Prima verità, quindi: Fiorita allo stato non sembra avere nessuna intenzione di dimettersi e tenta di ergersi a costruttore di un campo largo che, invece, avrebbe necessità prima di tutto di sgombrare il campo dai rovinosi toni demagogici e di costruire basi solide sul piano politico-programmatico.

Seconda verità: Valerio Donato ha buoni motivi per urlare ai suoi concittadini che aveva ragione lui e che hanno sbagliato a non dargli fiducia al ballottaggio. Sic stantibus rebus, e quindi a meno di impreviste evoluzioni dell’ultima ora, Azione non farà parte della nuova maggioranza auspicata da Fiorita e dimostrerà una spendibilissima coerenza politica.

Perché Donato avrebbe dovuto svendere un patrimonio politico di credibilità che potrà giocare con vantaggiosa serenità nei prossimi mesi?

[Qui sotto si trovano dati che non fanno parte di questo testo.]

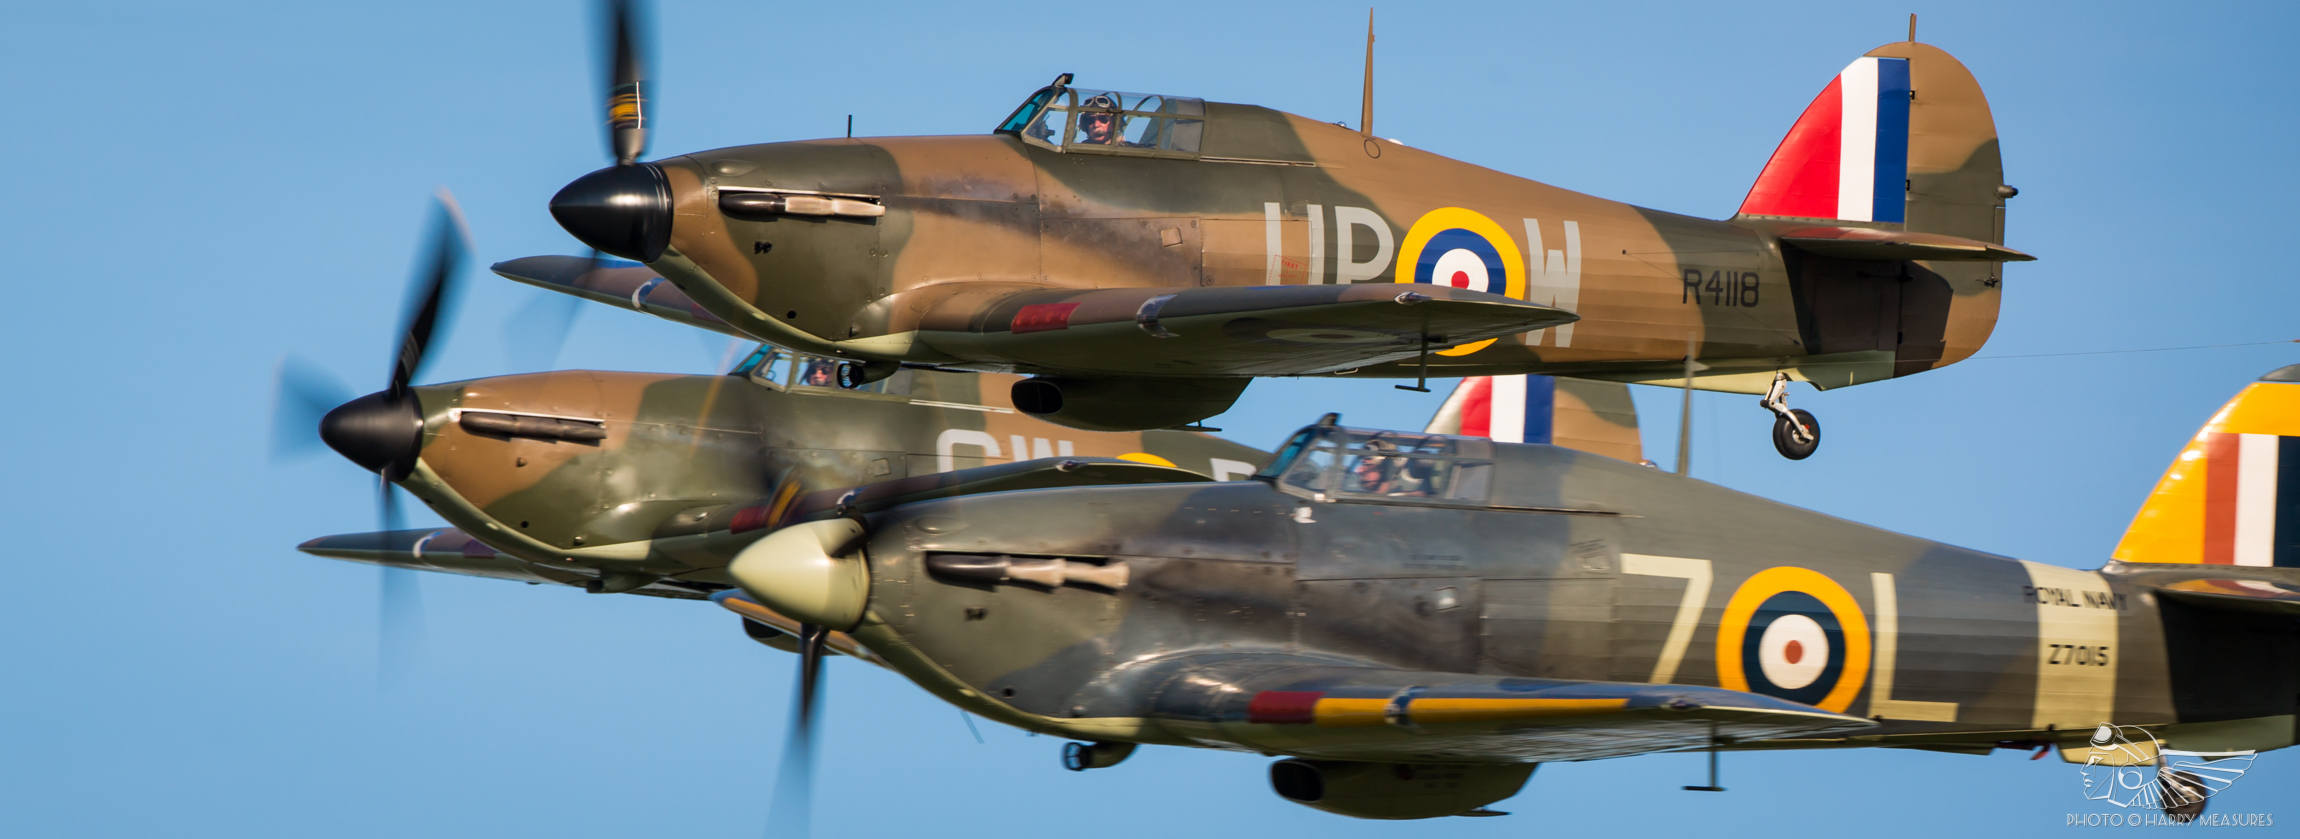 Shuttleworth’s June Evening Airshow hailed as a classic

Come avrebbe potuto reggere a fronte di un martellamento dialettico, da parte dell’opposizione e di quanti lo avevano votato con convinzione, corredato di continui riferimenti ai suoi netti giudizi di fallimento e di disastro dell’esperienza Fiorita? Soluzione più nobile e corretta è quella, che pare essere stata decisa in via definitiva, di non gestire potere ma di offrirsi come consiglieri comunali responsabili e al servizio della Città, considerato peraltro che la volontà di dimettersi coralmente non sembra realistica.

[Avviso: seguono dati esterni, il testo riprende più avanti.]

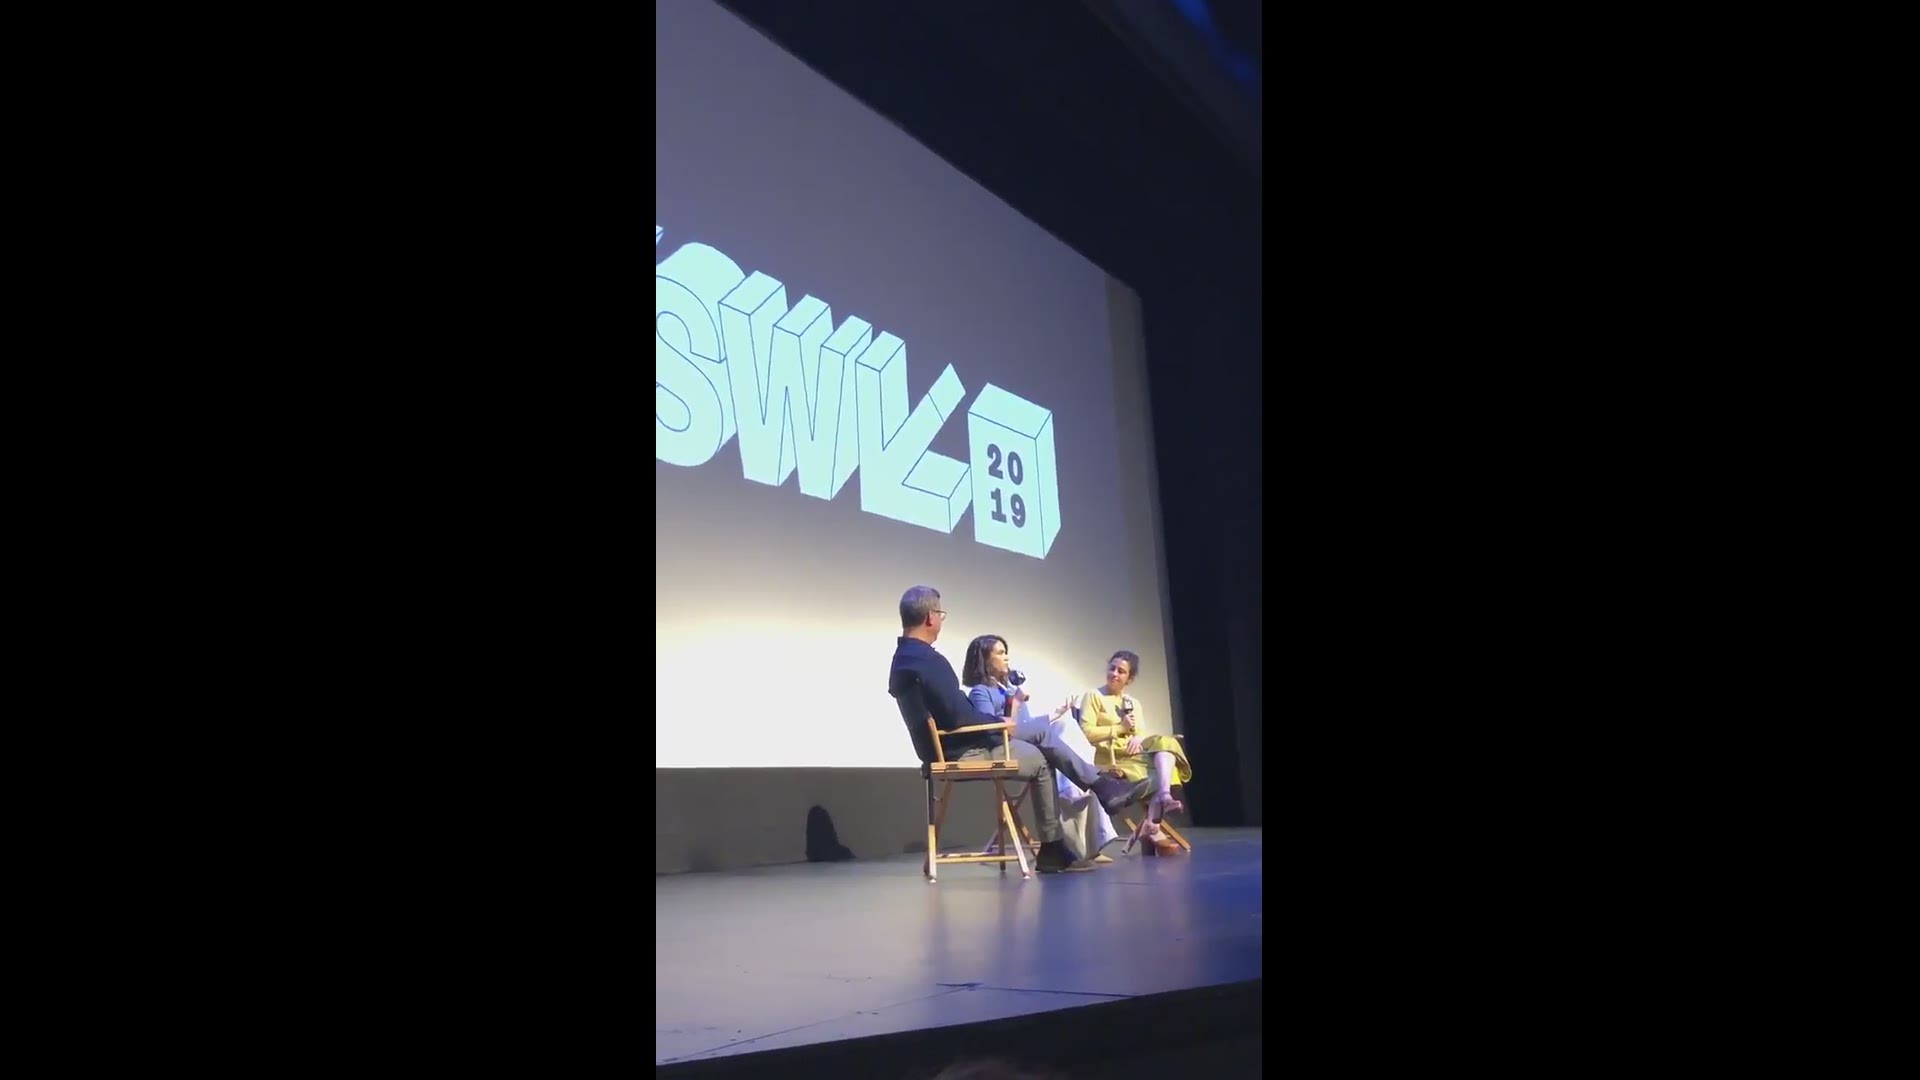 The final three episodes of the "Broad City" premiered at SXSW 2019 with a Q&A from the show's creators, Abbi Jacobson and Ilana Glazer.

Nei prossimi mesi Donato potrà dichiarare a testa alta: “Avevo visto giusto io, ma comunque dimostro che voglio bene alla mia Città”, e nel frattempo guardare con maggiore attenzione all’evoluzione generale del quadro politico, nazionale e regionale. Terza verità: quasi tutti gli osservatori hanno detto o scritto che non c’è grande voglia da parte dell’attuale Consiglio comunale (32 consiglieri in totale più il sindaco), di ritornare alle urne dimettendosi, con il rischio di non essere rieletti. I più prosaici accennano al peso considerevole che nelle valutazioni politiche avrebbero anche le indennità previste dalla legge (tra consiglieri, assessori, vicesindaco e sindaco). Altri annotano che il centrosinistra, per quanto allargabile, verrebbe sicuramente sconfitto e che il centrodestra dilagherebbe, per cui non ci sarebbe altra strada che andare avanti, resistere e posizionarsi nel migliore dei modi (una “resistenza”, sia chiaro, che non ha nulla di eroico o di epico!). Qualcun altro sostiene che neanche il centrodestra sarebbe pronto ad affrontare, nell’immediato, la sfida di Palazzo De Nobili.

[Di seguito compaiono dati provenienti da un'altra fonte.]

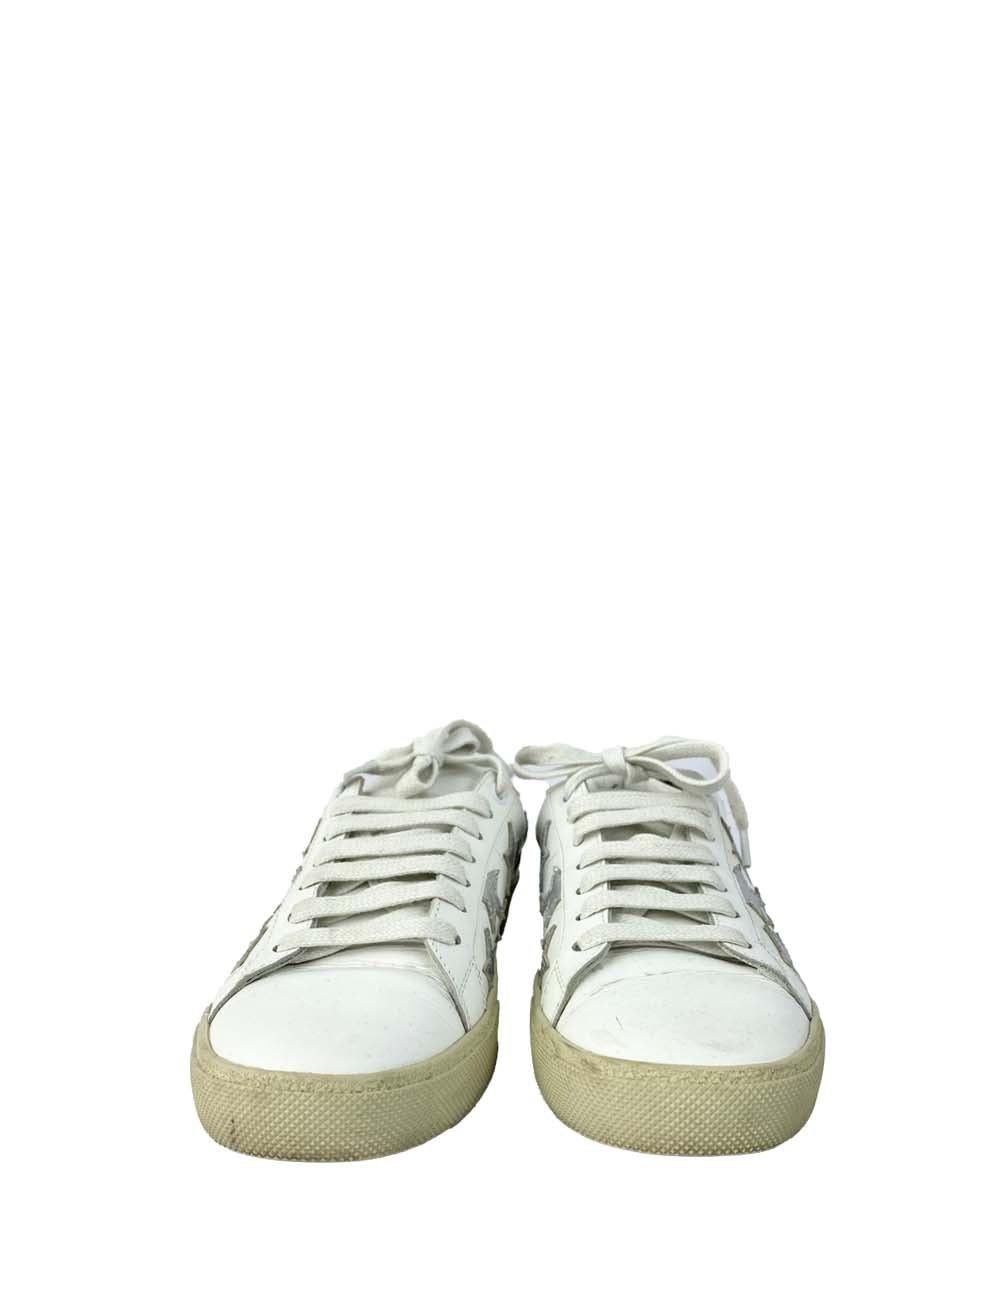 Saint Laurent white sneakers with white laces, black detail on the back and silver star detail on the sides, and a slight platform. Slight scuffing on the exterior, in otherwise great condition.

Additional information:
Material: Leather
Size: EU

Questa terza verità è propedeutica rispetto alla quarta: il centrodestra catanzarese non sta dimostrando grande compattezza e non sta facendo valere appieno la propria superiorità numerica e di consensi. C’è chi ha chiesto che il centrodestra, presenti i responsabili di partito e i vari leader, assuma il solenne e pubblico impegno di non candidare chiunque dovesse ascoltare, direttamente o indirettamente, le sirene di Fiorita, al fine di non consentire il trionfo del gattopardismo e dell’opportunismo. Come non associarsi a questo appello che restituirebbe credibilità alla politica tutta, ridando anche pieno ruolo alla democrazia dei partiti? Del resto, diciamolo senza infingimenti: molto probabilmente, allo stato, i partiti della coalizione che governa alla Regione e a Roma non riuscirebbero a raccogliere tutte le 17 firme necessarie per giungere allo scioglimento anticipato della consiliatura, per cui si preferirebbe glissare, non affondare troppo i colpi, e non affrontare la questione crisi con la dovuta determinazione e spinta.

Si tenga infine in conto che le sfilacciature e la mancanza di rigore metodologico delle diverse forze politiche lasciano spazio, non solo in Calabria, a possibili “inciuci” di “dipietriana” memoria. Gli “inciuci” fanno parte di quel profondo e deprimente malessere che ormai connota tante realtà locali del Paese. Ma ogni eventuale tassello anomalo apparentemente non comprensibile, disponendo delle giuste informazioni diventa sempre ben spiegabile e riconducibile a verità certificate e tracciate (nomine, consulenze, incarichi, spartizioni di brandelli di potere, promesse, ecc. ecc., diretti o indiretti). Uno scenario simile potrebbe riguardare anche Catanzaro? Speriamo proprio di no! In Italia se ne ascoltano di mille colori ed è auspicabile che la Città dei Tre Colli resti immune da tentazioni inaccettabili e nauseabonde! A maggior ragione, quindi, in situazioni politiche traballanti come quella di Catanzaro, nelle quali di “Che Guevara” in azione onestamente non se ne vedono, i partiti sarebbero chiamati a ridarsi quel ruolo fondamentale che le degenerazioni del sistema democratico, a partire dalla fine della Prima Repubblica ad oggi, hanno levato loro. Resto convinto che i voti dell’opinione pubblica, magari silenziosa ma sempre attentissima, siano sempre più numerosi di quelli dei cosiddetti “portatori di voti”!